Lafayette, Louisiana; United States;
- Frequency: 1420 kHz
- Branding: 103.3 The Goat

Programming
- Format: Sports
- Affiliations: Fox Sports Radio Louisiana Ragin' Cajuns women's basketball Louisiana Ragin' Cajuns softball

Ownership
- Owner: Townsquare Media; (Townsquare Media of Lafayette, LLC);
- Sister stations: KFTE, KHXT, KMDL, KPEL-FM, KROF, KTDY

History
- First air date: November 1951
- Former call signs: KLFY (1949–1957)
- Call sign meaning: Pelican Broadcasting (former owner)

Technical information
- Licensing authority: FCC
- Facility ID: 12682
- Class: B
- Power: 1,000 watts (day); 750 watts (night);
- Transmitter coordinates: 30°16′38″N 92°3′51″W﻿ / ﻿30.27722°N 92.06417°W
- Translator: 103.3 K277DQ (Lafayette)

Links
- Public license information: Public file; LMS;
- Webcast: Listen live
- Website: 1033thegoat.com

= KPEL (AM) =

Radio station in Lafayette, Louisiana

KPEL (1420 kHz, "103.3 The Goat") is an AM radio station licensed to serve Lafayette, Louisiana. The station is owned by Townsquare Media and licensed to Townsquare Media of Lafayette, LLC. It airs a sports radio format featuring programming from Fox Sports Radio. Its studios are located on Bertrand Road in Lafayette, and its transmitter is located about two miles north of the studios.

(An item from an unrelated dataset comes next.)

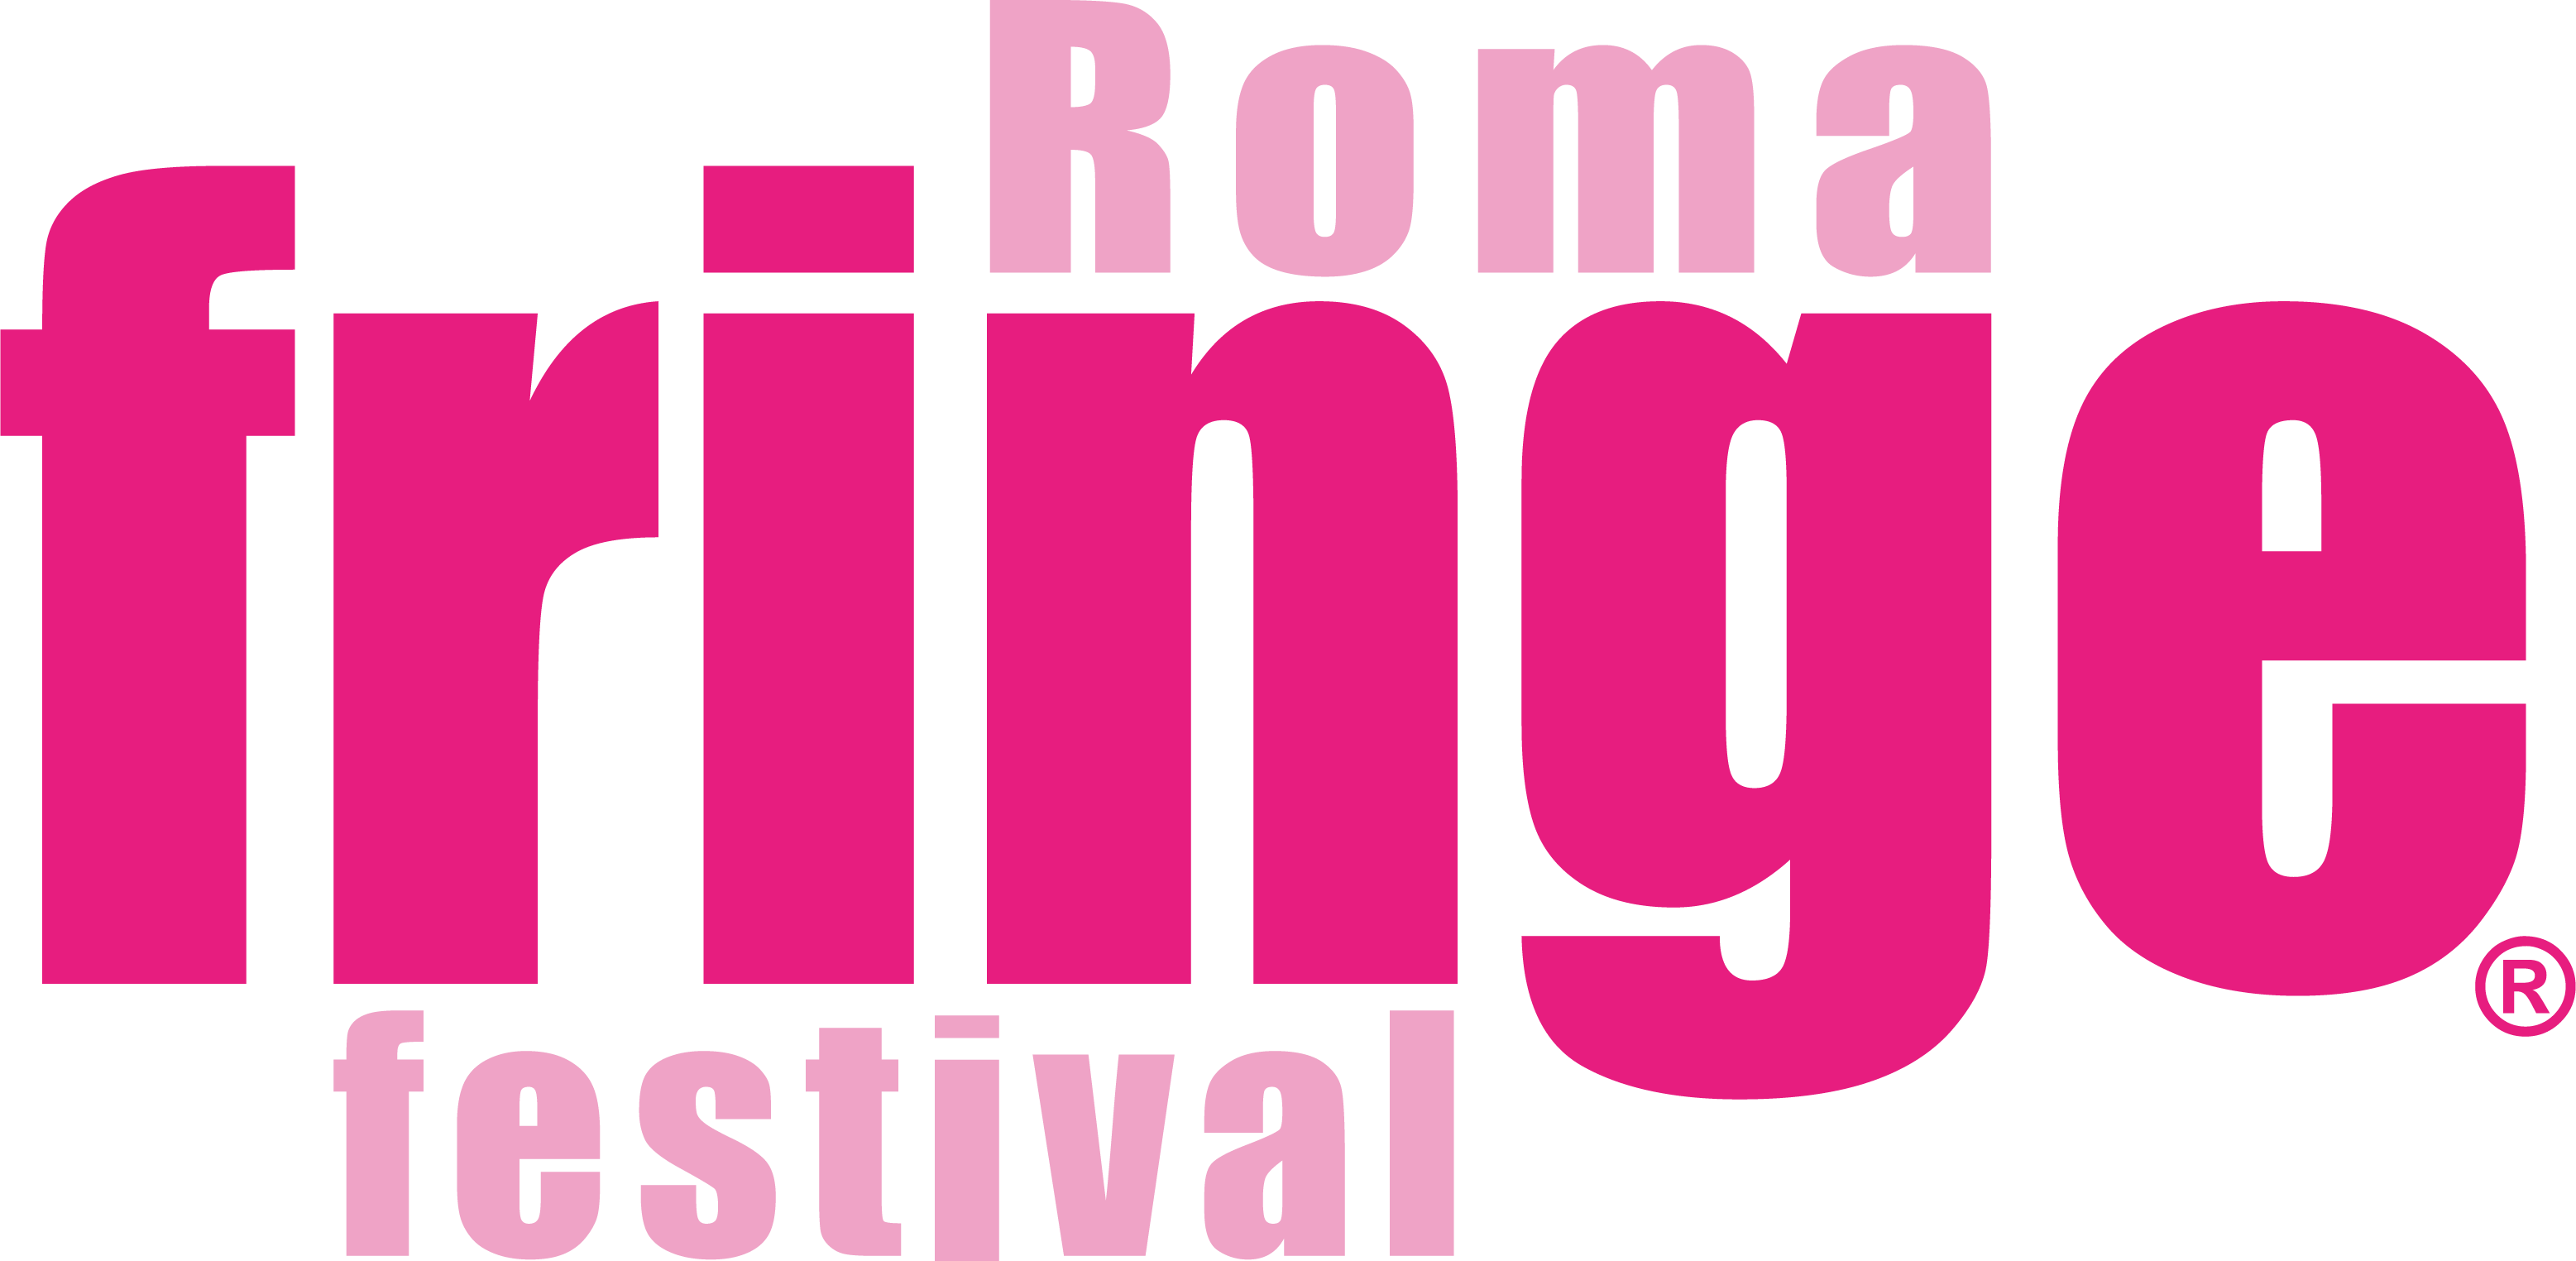 Roma Fringe Festival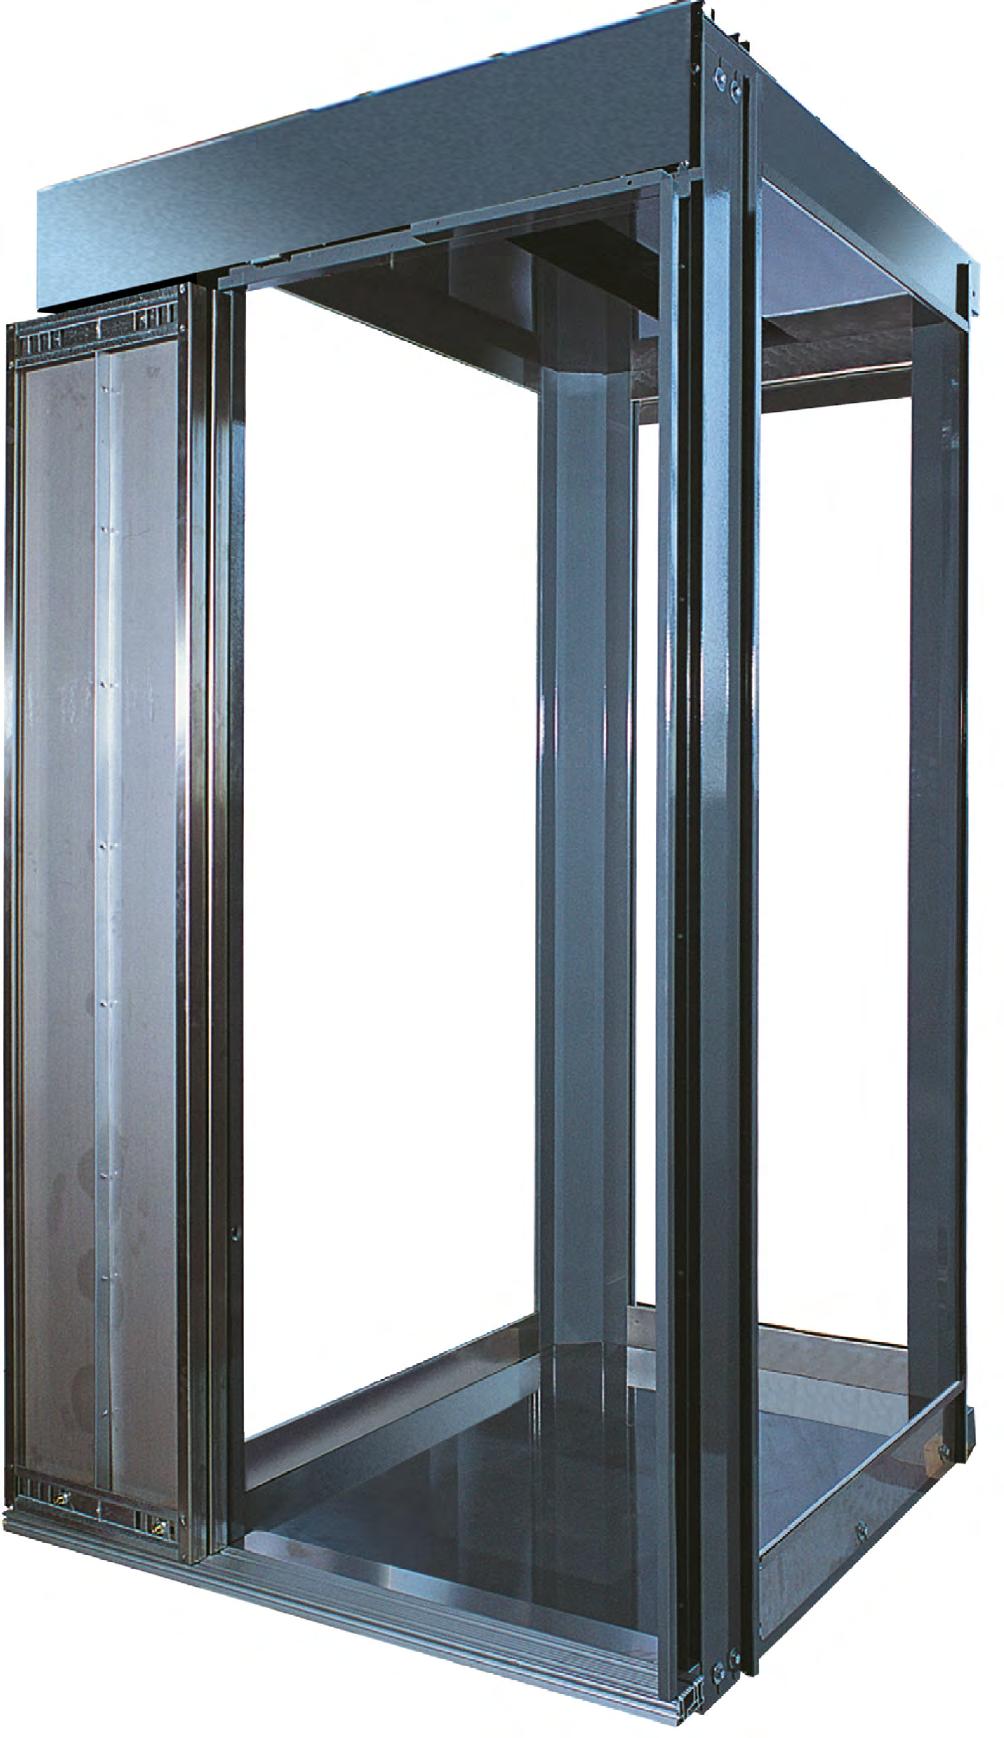 CABINA TMC (Tailor Made Car) > Gli ascensori GMV sono dotati di una cabina tailor made personalizzabile, solida e leggera, ideale per ascensori a basso consumo energetico.

The station was founded in 1949 as KLFY-AM by Camellia Broadcasting and first went on air in November of 1951. Due to ownership change of its sister TV station KLFY-TV and Federal Communications Commission regulations in force at the time, KLFY-FM was assigned the new call letters KPEL by the FCC on July 1, 1957.

The station is the base of the Great S.C.O.T.T. Show with Scott Prather. The station serves as the flagship station of Louisiana Ragin' Cajun Athletics, airing UL football, men's and women's basketball, baseball, and softball games.

On September 30, 2022, KPEL rebranded as "103.3 The Goat".